CLIP Report

The Github repo is found here.

Motivation

What type of CLIP implementation can be trained on a single GPU? That question motivated me to replicate OpenAI’s CLIP system (published in 2021), which learns joint embeddings of images and text captions using contrastive learning. I also decided to use an RNN as the text encoder rather than the traditional Transformer, to test whether an RNN would be better able to handle the short, simple captions typical of CLIP datasets.

For training, I chose pixparse/cc3m-wds because its captions are in English, relatively clean, and usually descriptive. Other datasets I looked at, like mlfoundations/datacomp, had noisier captions, often in multiple languages, or even just filenames like IMG_20220523.jpg.

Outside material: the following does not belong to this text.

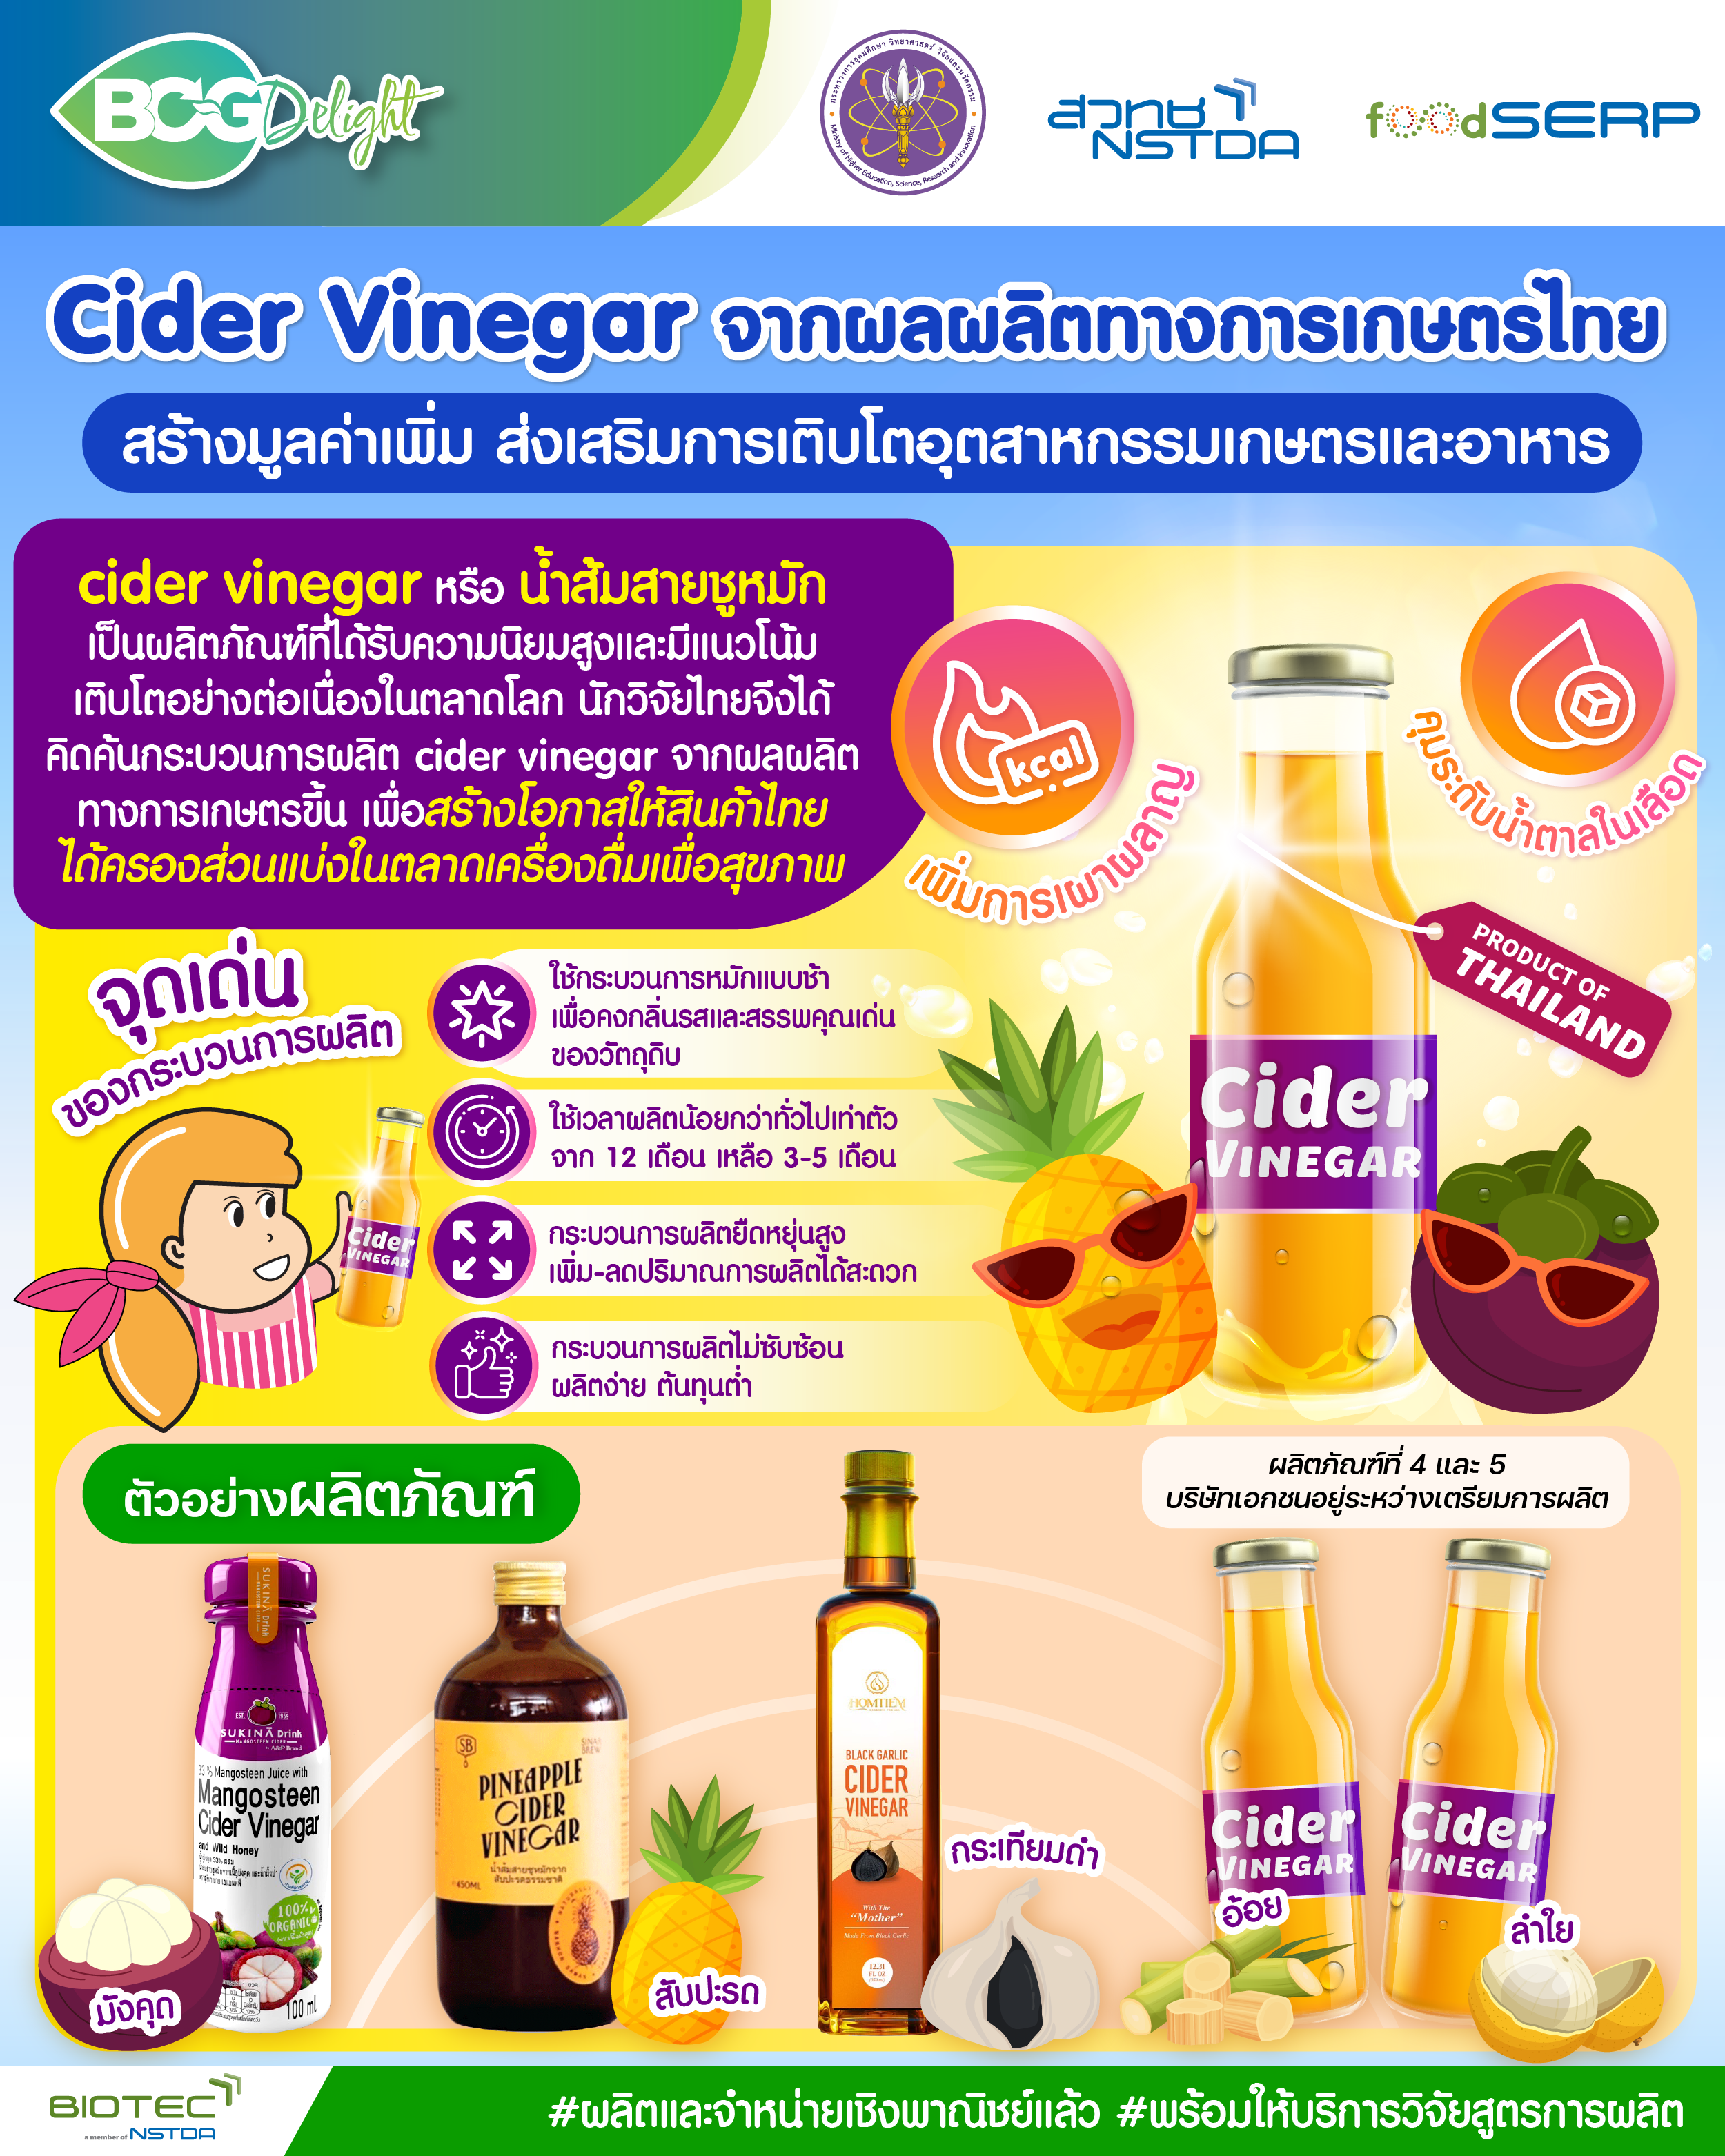 Cider Vinegar จากผลผลิตทางการเกษตรไทย

To keep the parameter count down, I downsampled and cropped images to 128×128 pixels (keeping color channels). The image encoder was a ResNet-34 CNN, while the text encoder was a two-layer bidirectional RNN with hidden size 256. Both image and text embeddings were 512-dimensional.

When OpenAI trained CLIP, their smallest model was trained with a batch size of 32,768. In contrast, with the 24 GB of VRAM in my GPU, I was able to fit a batch size of 2048 samples.

Training

In many deep learning tasks, the loss is just the average of per-sample losses, so you can simulate larger batches by summing over micro-batches. However CLIP uses a contrastive loss which compares every image–text pair in the batch, making it less obvious how to scale effective batch size. To push the limit, I implemented an XBM queue of size 2048. This stored recent embeddings and appended them to the current 256-sample batch for loss computation.

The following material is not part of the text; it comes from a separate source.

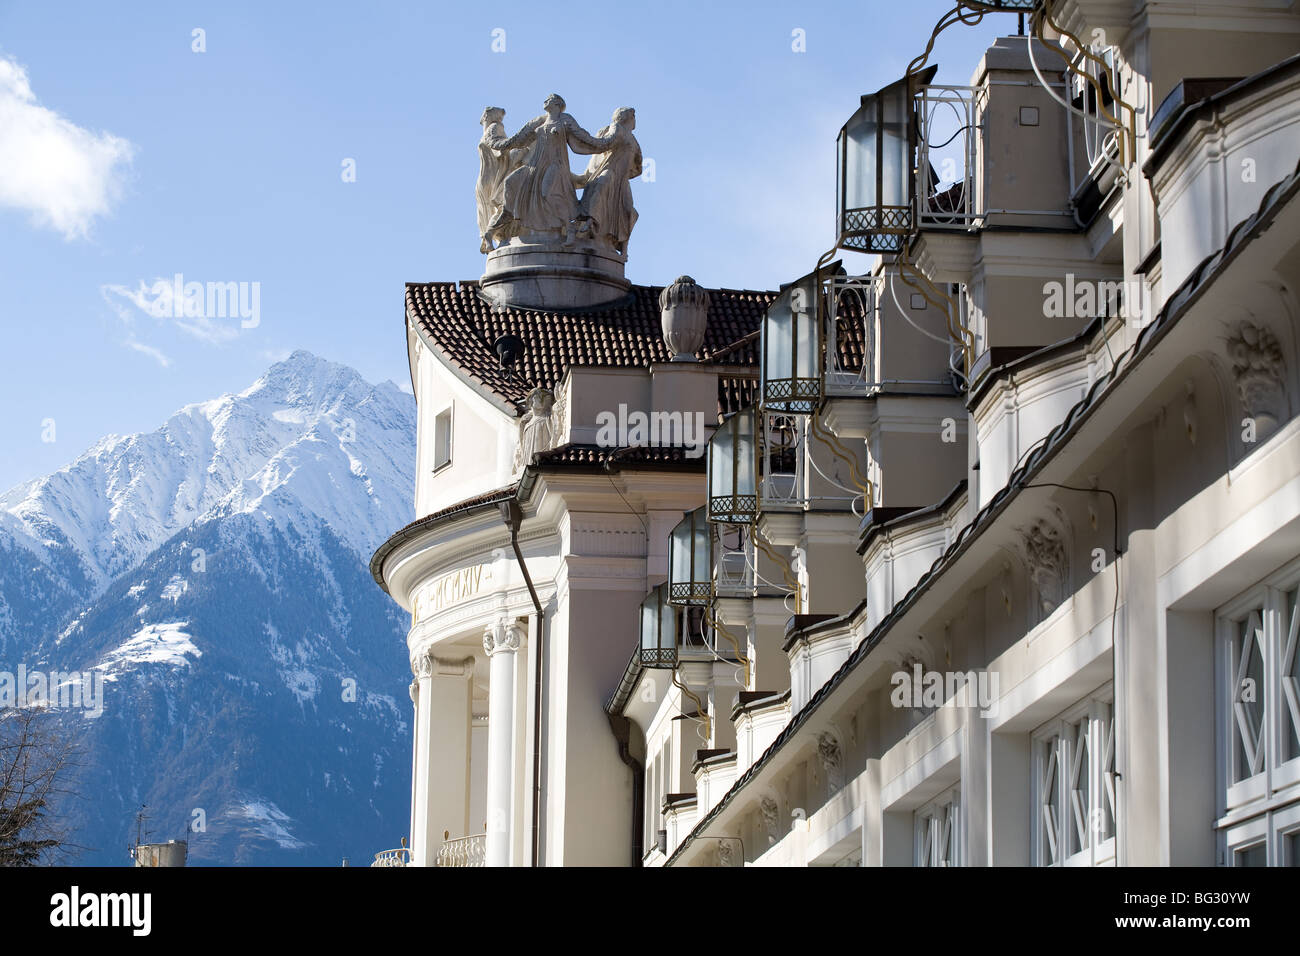 Europe, Italy, Alto Adige, Merano, spa house, statues, especially Stock Photo

At first, the network completely failed to learn, no matter the learning rate. It only began to improve after I removed the XBM queue. My guess is that stale embeddings in the queue hurt training more than the larger effective batch size helped. Once removed, training stabilized and the loss decreased (see the wandb plots below).

Future directions could include reintroducing the XBM queue gradually, only after the loss starts to drop or plateau. Another idea would be to use the technique publised in the MoCo paper, in which the network is trained while using a momentum-averaged copy of the network to produce queue embeddings.

Results

On validation, the model reached 13% text accuracy and 16% image accuracy. Given that random chance with batch size 2048 would yield only ~0.04%, the model clearly learned meaningful associations between images and captions. To test zero-shot performance, I tried ImageNet classification using the same trick as OpenAI: prompts like “this is a picture of {label}.” The results: 8.3% top-1 accuracy and 19.6% top-5 accuracy. These results weren't as great as I hoped for, but they were not surprising considering ImageNet labels are often obscure, containing labels such as “agaric” and “gyromitra”, which even I had to look up.

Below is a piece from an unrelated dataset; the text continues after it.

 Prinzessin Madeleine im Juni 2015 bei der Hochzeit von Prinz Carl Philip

I also tried some light prompt engineering by asking LLMs to generate simple full sentence descriptions of the ImageNet labels (e.g., “agaric is a type of mushroom with gills”). But even then, accuracy only shifted to 6.7% top-1 and 18.8% top-5.

Nevertheless, I was happy to see the model learn embeddings well above random levels and attribute its less than state-of-art performance to the small model size, small training set size, and the experimental use of an RNN as the text encoder. If I continue exploring how to improve performance using the same hardware setup, my first next steps would be to train on more data (a 12M version of cc3m is available) and to switch to a Transformer as the text encoder.